A faithful copy of all the data is required; pictures should not be included.

__Supplied material__.
▼
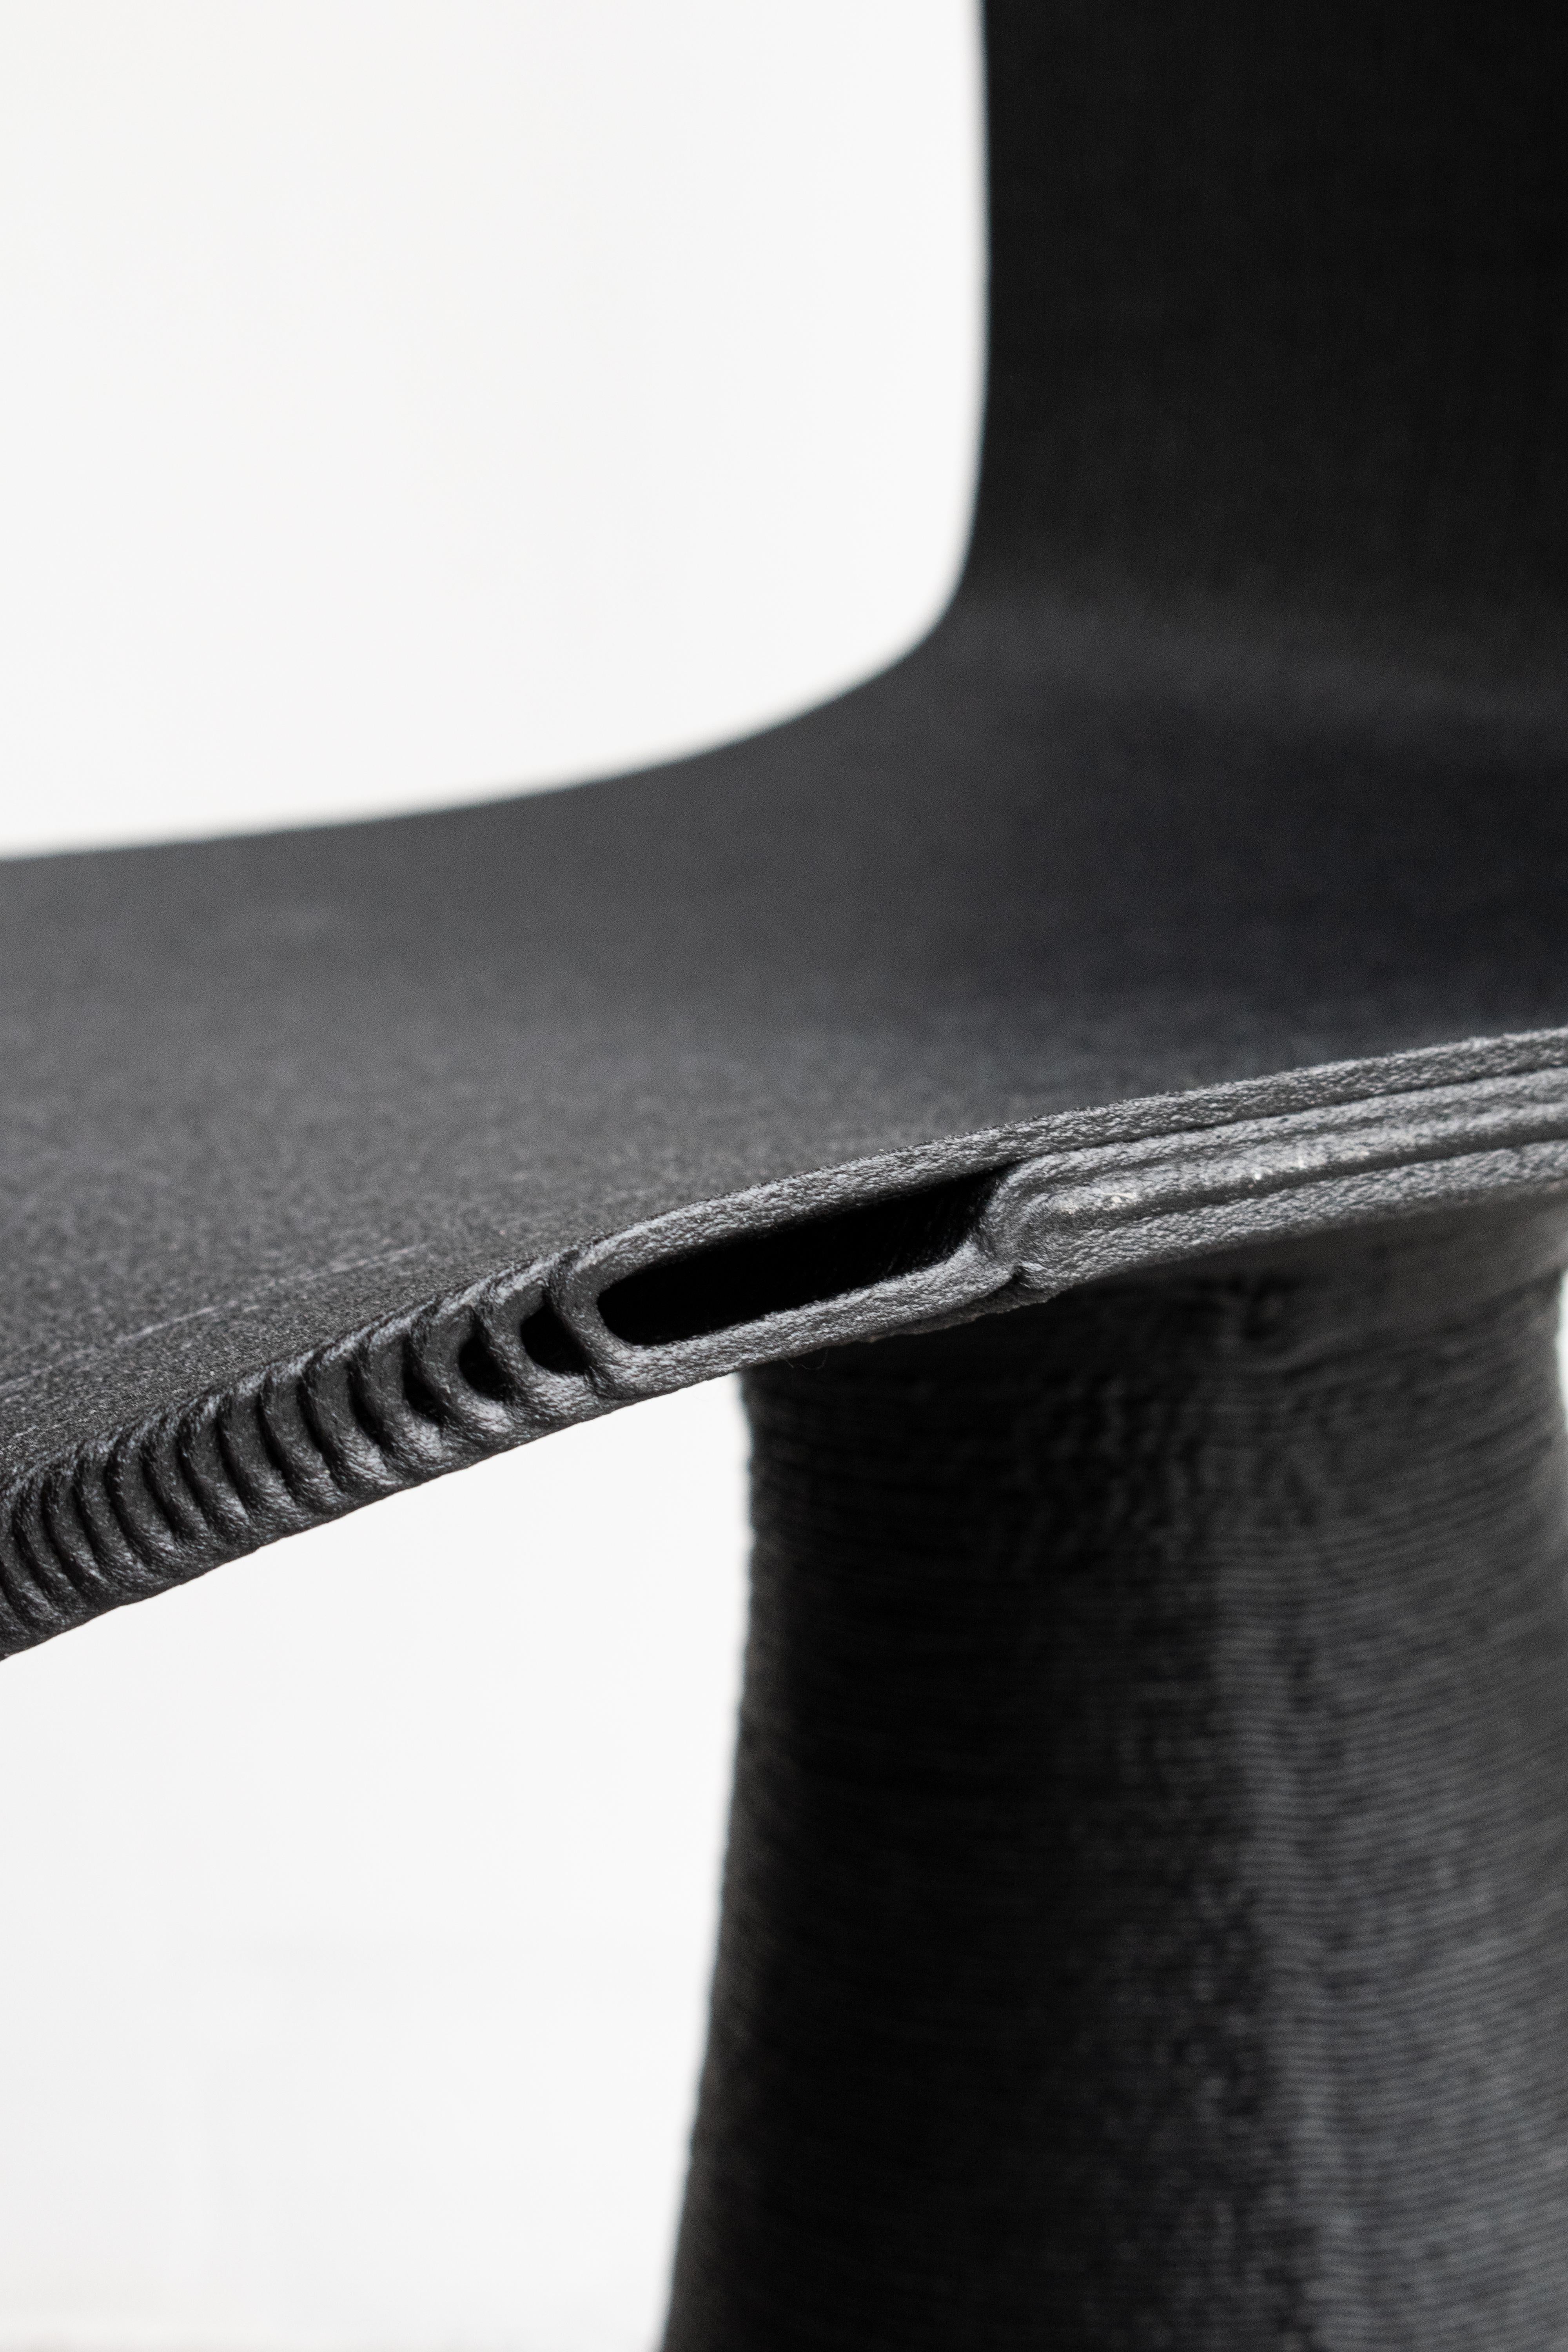 Chaise SoHo

Fabrication de haute technologie avec une touche humaine

La chaise Soho représente symboliquement toutes les valeurs de la marque Elli. Des lignes épurées, des références esthétiques à l'historicité du design italien mais avec une
▲
__Written solution__.
 Chaise SoHo

Fabrication de haute technologie avec une touche humaine

La chaise Soho représente symboliquement toutes les valeurs de la marque Elli. Des lignes épurées, des références esthétiques à l'historicité du design italien mais avec une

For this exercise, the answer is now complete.